## [BRIEF]
No pictures belong in the copy, but every line of the material below must be reproduced exactly.

## [INFORMATION SUPPLIED]
○ ○ ○ ○

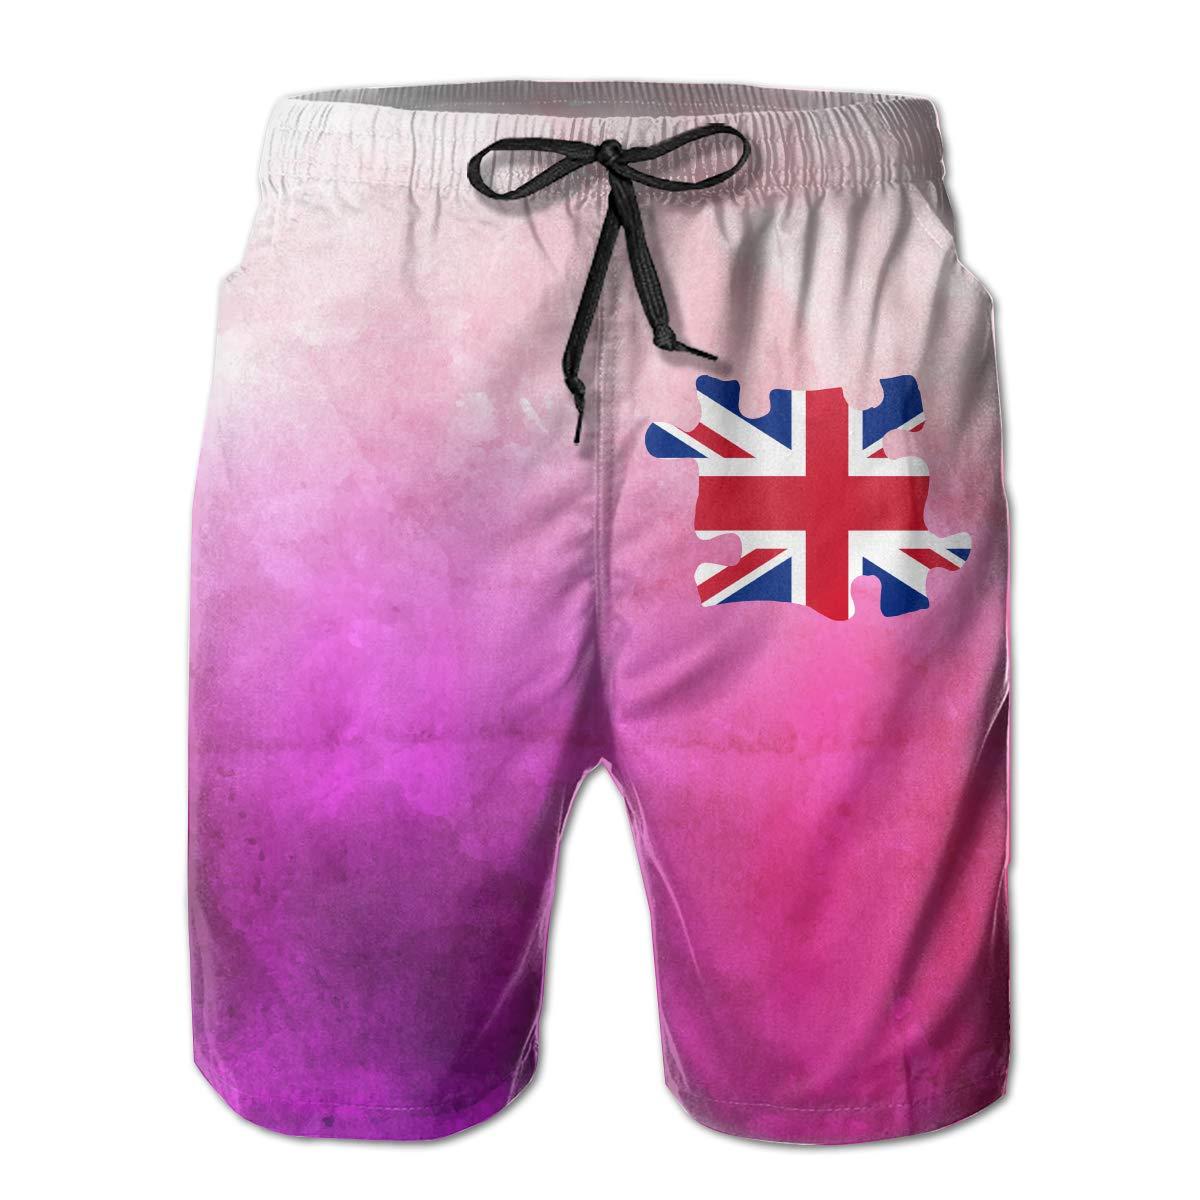 YGE.I.L25 Men Swim Trunks British Flag Autism 3 Lightweight Beach Boardshort with Pocket
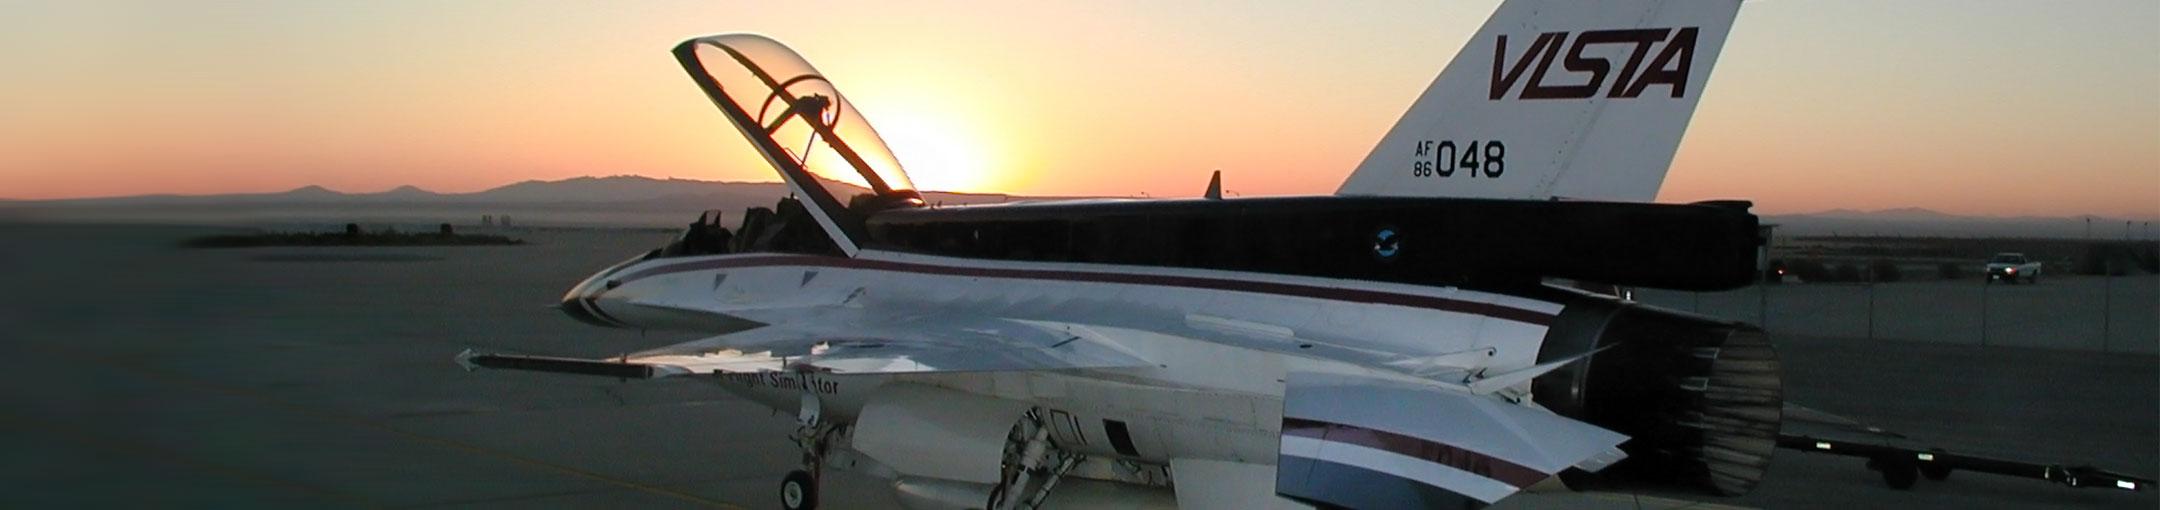 An flight simulator airplane at dusk.
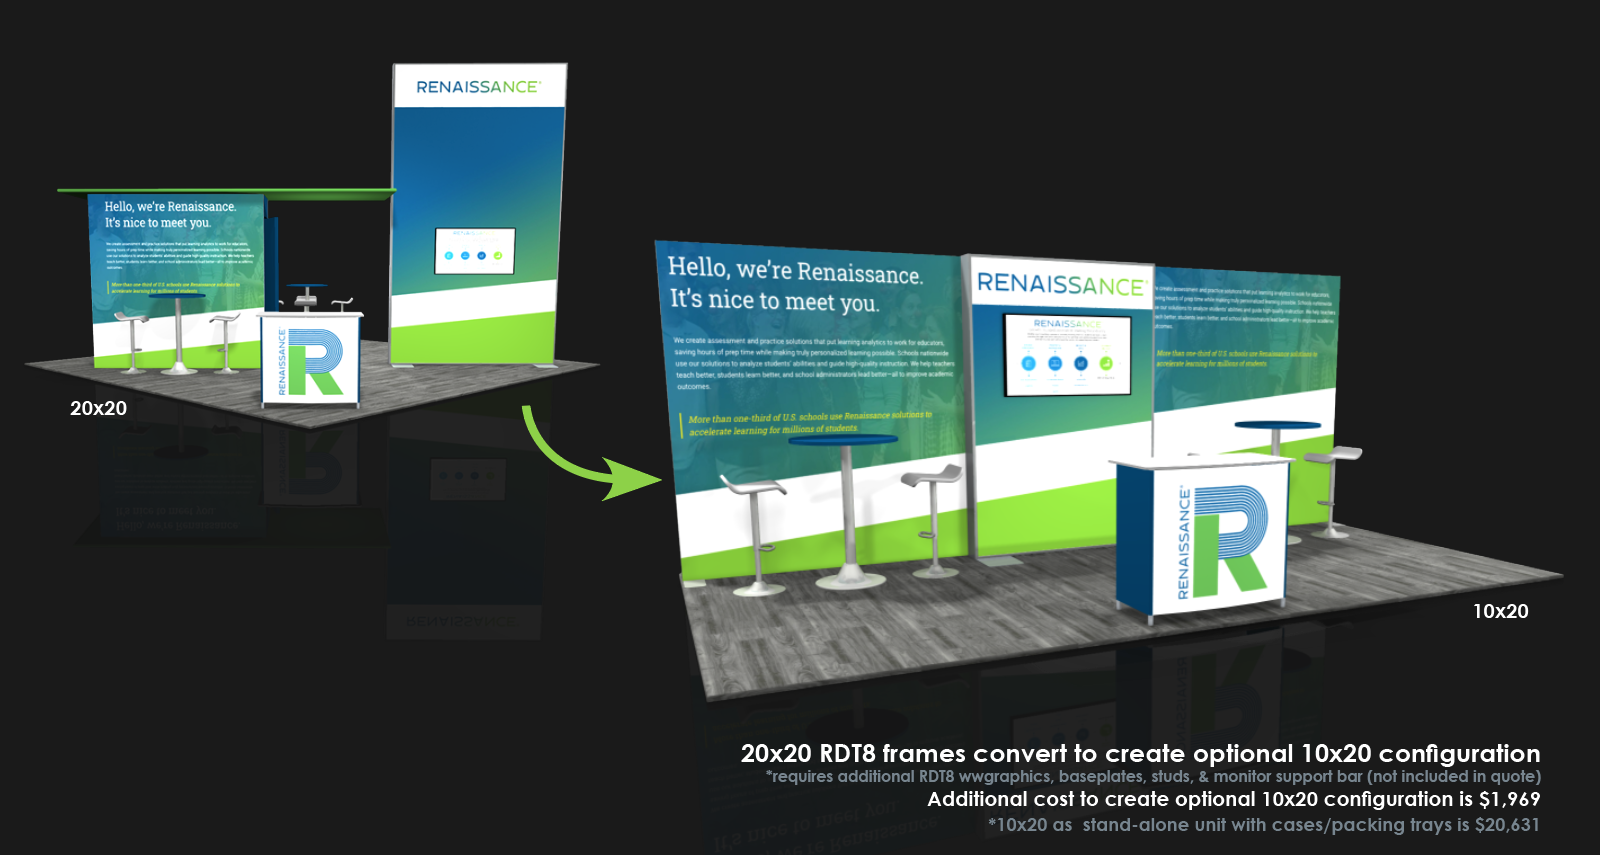 20x20 modular tool-less trade show display converts to 10x20
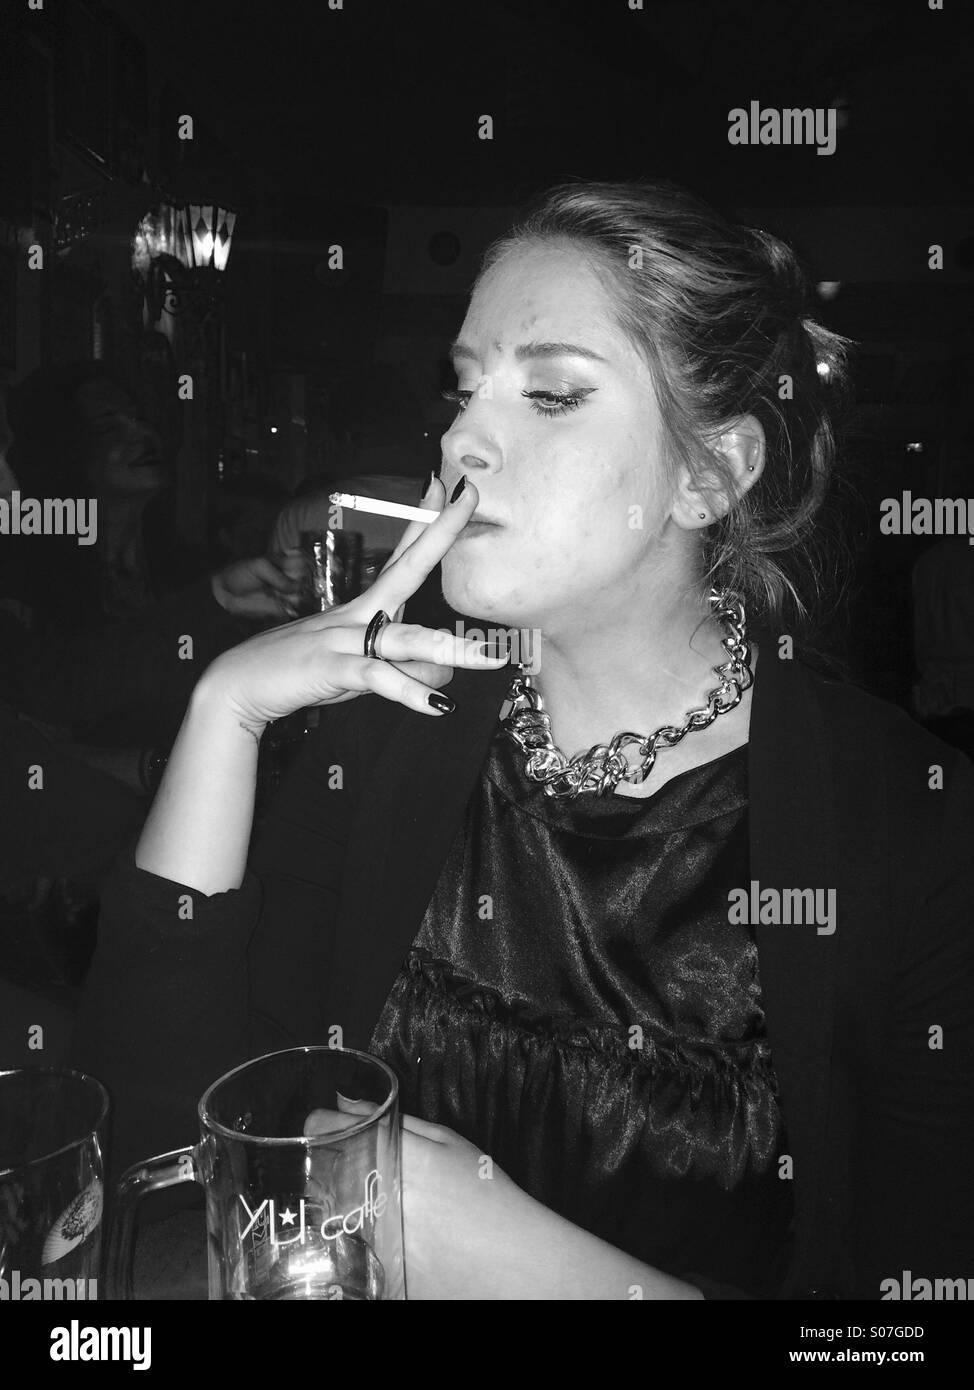 https://c1.alamy.com/comp/S07GDD/girl-smoking-cigarett-S07GDD.jpg

○ ○ ○ ○

## [EXERCISE OUTPUT]
 YGE.I.L25 Men Swim Trunks British Flag Autism 3 Lightweight Beach Boardshort with Pocket
 An flight simulator airplane at dusk.
 20x20 modular tool-less trade show display converts to 10x20
 https://c1.alamy.com/comp/S07GDD/girl-smoking-cigarett-S07GDD.jpg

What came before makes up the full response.